You could instead have a single buffer with all the values, and use std::accumulate to count up the positives and negatives. If you start with a collection of all the tuples (each of which has an age and a value), you could begin by sorting the collection according to age, finding the last element that is <= 1 ms old, and then using accumulate from begin() to that point. Here's some code that demonstrates that last bit:
#include <algorithm>
#include <numeric>
#include <iterator>
#include <vector>
#include <string>
#include <ctime>
using namespace std;
struct Counter
{
Counter(unsigned pos=0, unsigned neg=0) : pos_(pos), neg_(neg) {};
unsigned pos_, neg_;
Counter& operator+(int n)
{
if( n < 0 )
++neg_;
else if( n > 0 )
++pos_;
return * this;
}
};
int main()
{
srand((unsigned)time(0));
vector<int> vals;
generate_n(back_inserter(vals), 1000, []()
{
return (rand() / (RAND_MAX/40)) - 20;
});
Counter cnt = accumulate(vals.begin(), vals.end(), Counter());
}
If sorting the collection by age and then searching the sorted results for the last eligible entry sounds too ineficient, you could use for_each_if instead of accumulate and simply iterate over the whole collection once. for_each_if isn't part of the Standard Library, but it's easy enough to write. If you don't want to muck about with writing your own for_each_if that's fine, too. You could simply tweak the accumulator a bit so that it doesn't accumulate elements which are too old:
#include <algorithm>
#include <numeric>
#include <iterator>
#include <vector>
#include <string>
#include <ctime>
using namespace std;
struct Tuple
{
int val_;
unsigned age_;
};
struct Counter
{
Counter(unsigned pos=0, unsigned neg=0) : pos_(pos), neg_(neg) {};
unsigned pos_, neg_;
Counter& operator+(const Tuple& tuple)
{
if( tuple.age_ > 1 )
return * this;
if( tuple.val_ < 0 )
++neg_;
else if( tuple.val_ > 0 )
++pos_;
return * this;
}
};
int main()
{
srand((unsigned)time(0));
vector<Tuple> tuples;
generate_n(back_inserter(tuples), 1000, []() -> Tuple
{
Tuple retval;
retval.val_ = (rand() / (RAND_MAX/40)) - 20;
retval.age_ = (rand() / (RAND_MAX/5));
return retval;
});
Counter cnt = accumulate(tuples.begin(), tuples.end(), Counter());
}
I would store the values in a min-heap keyed by timestamp - so the youngest values are at the top of the heap. The integer value is auxiliary data at each node. You could then implement the counting with a recursive function that traverses the heap. You'd pass the running total of negative and positive back up the recursive call.

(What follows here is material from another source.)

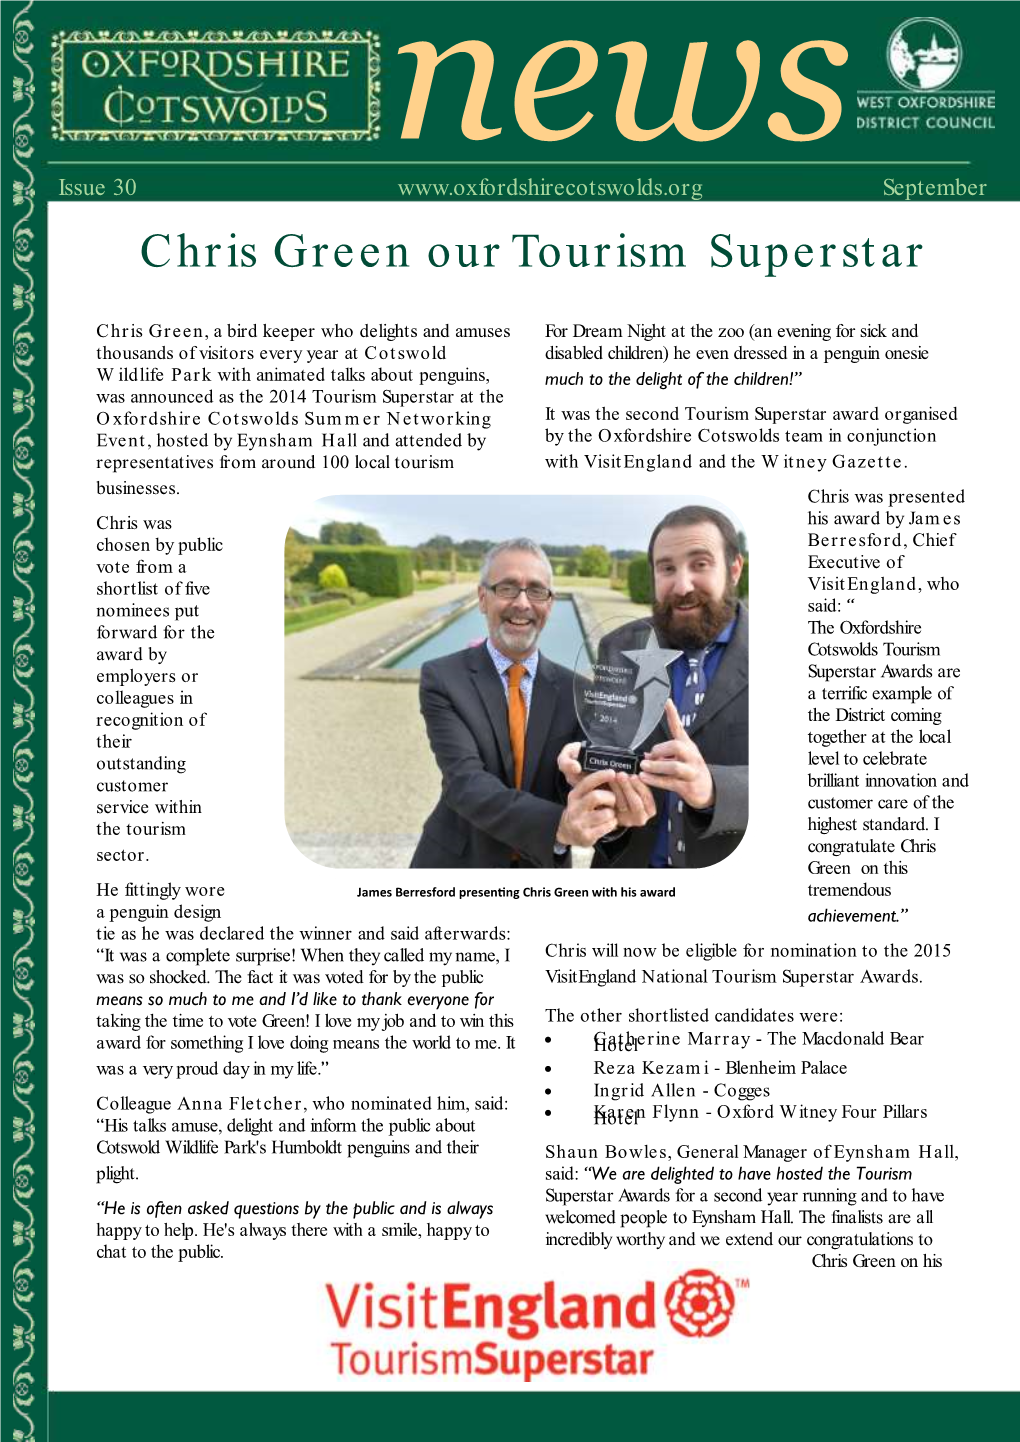 Chris Green Our Tourism Superstar

It would look something like this, in Python-like pseudocode with types:
def young_pos_and_neg(Time currtime, HeapNode p):
if (p is not None and currtime - p.time < 1):
posleft, negleft = young_pos_and_neg(p.leftChild())
posright, negright = young_pos_and_neg(p.rightChild())
totpos = posleft + posright
totneg = negleft + negright
if (p.intValue < 0):
return totpos, totneg + 1
else:
return totpos + 1, totneg
else:
return 0, 0
If you call this on the heap root before inserting the new value - but with the new value's timestamp as the currtime argument - you will get a count of each. It may not be the fastest possible way, but it's pretty simple and elegant. In C++ you could replace the tuple return value with a struct.